Data segment section start
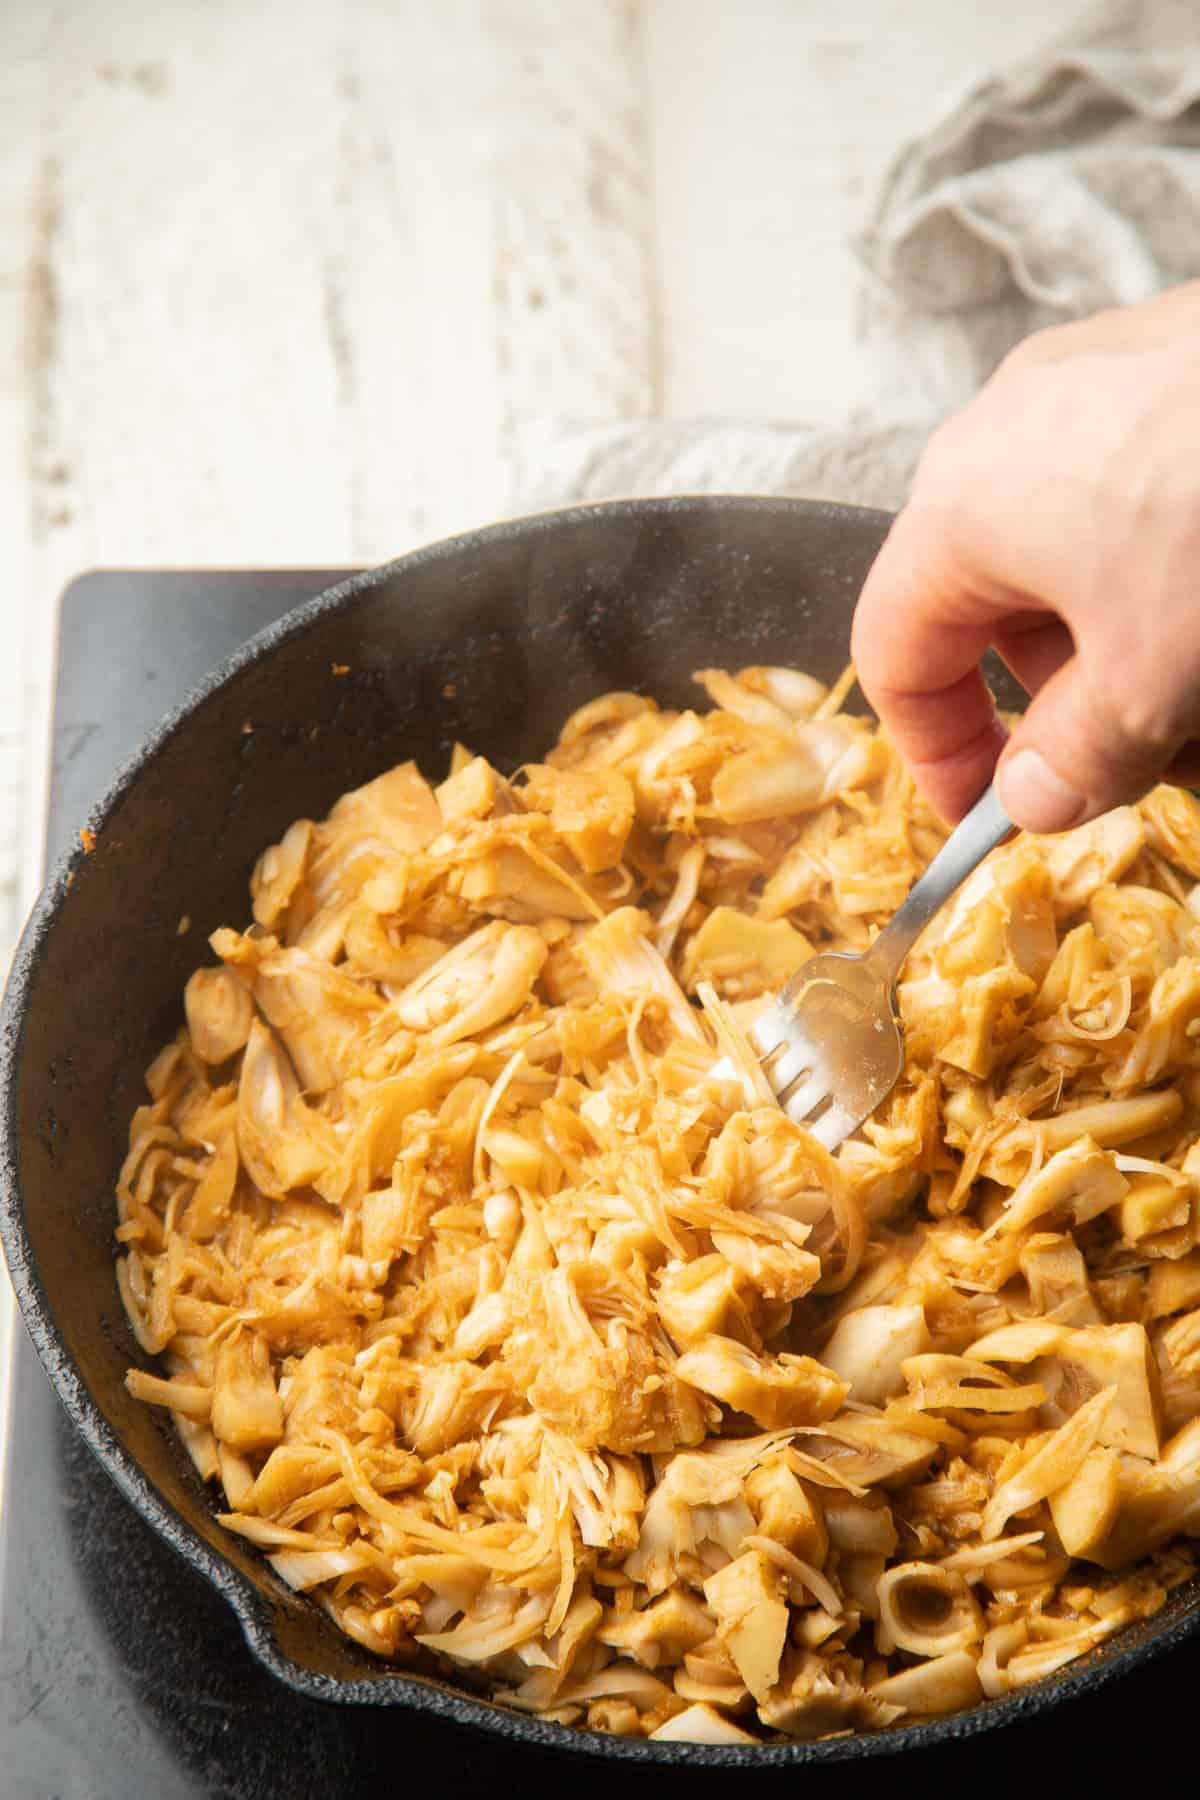 Hand with a fork pulling apart pieces of jackfruit in a skillet.
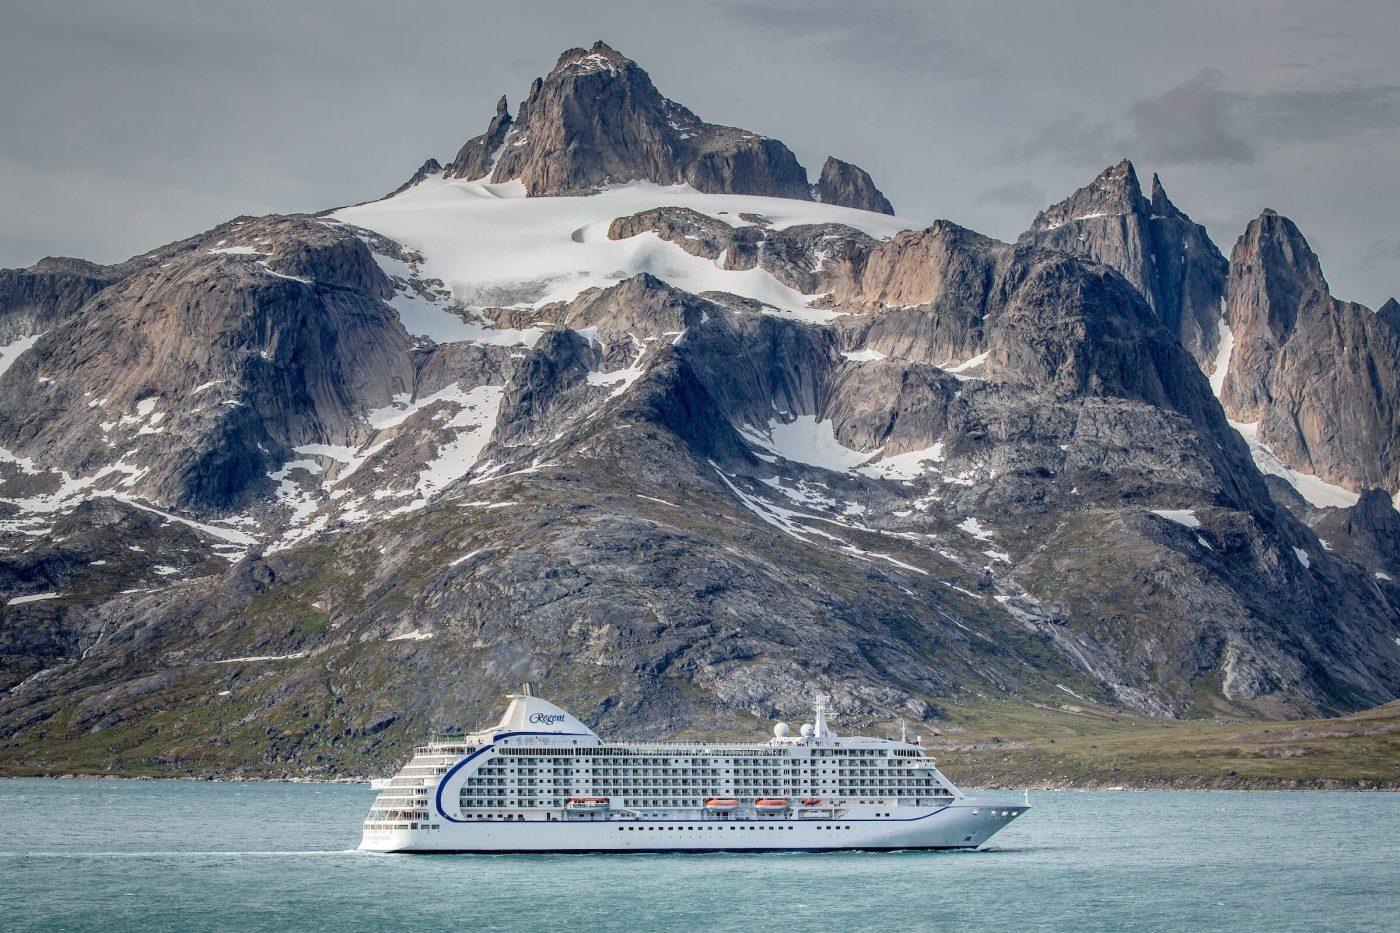 The cruise ship Sevens Seas Voyager passes underneath the mountain Qilertiki in South Greenland near Aappilattoq and Prince Christian Sound. Photo by Sevens Seas Voyager
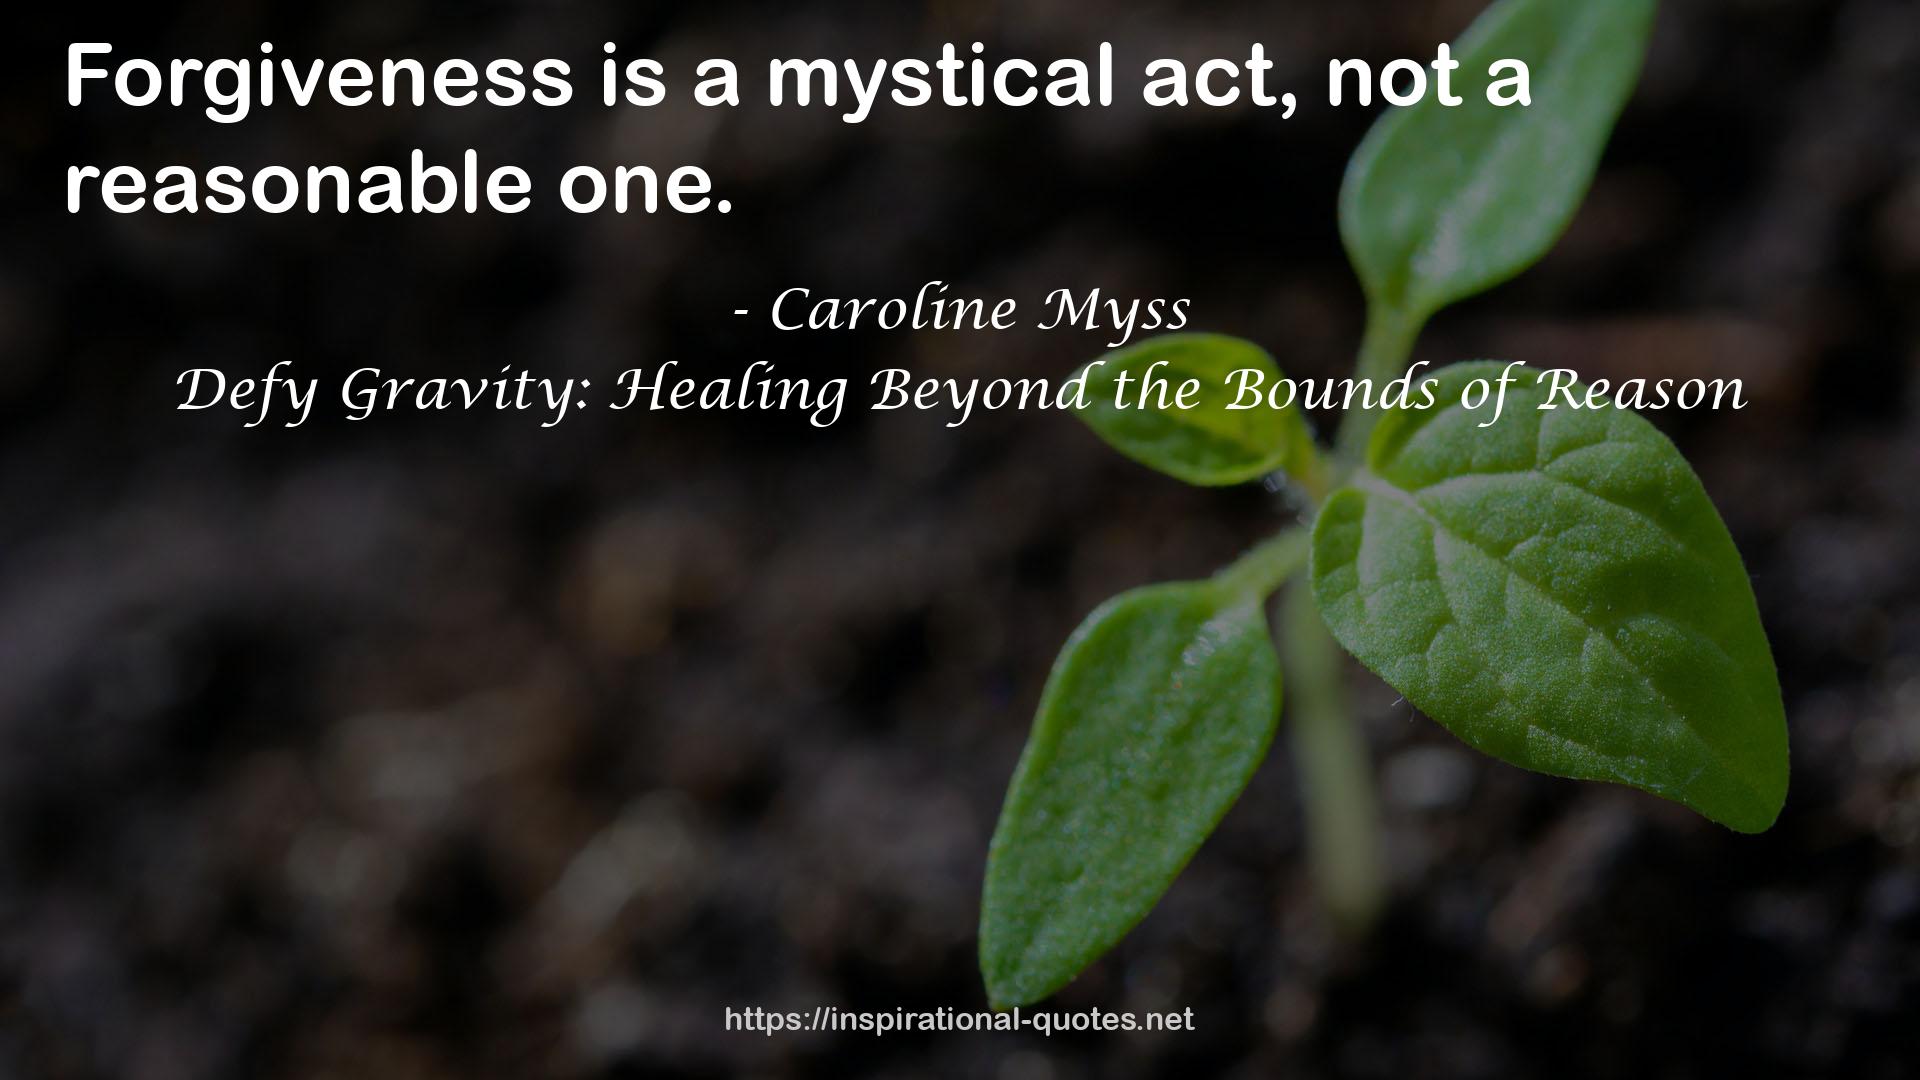 Defy Gravity: Healing Beyond the Bounds of Reason QUOTES
Data segment section end
Required action:
Nothing but the pictures is to be left out; repeat the data exactly.

Exercise response:
 Hand with a fork pulling apart pieces of jackfruit in a skillet.
 The cruise ship Sevens Seas Voyager passes underneath the mountain Qilertiki in South Greenland near Aappilattoq and Prince Christian Sound. Photo by Sevens Seas Voyager
 Defy Gravity: Healing Beyond the Bounds of Reason QUOTES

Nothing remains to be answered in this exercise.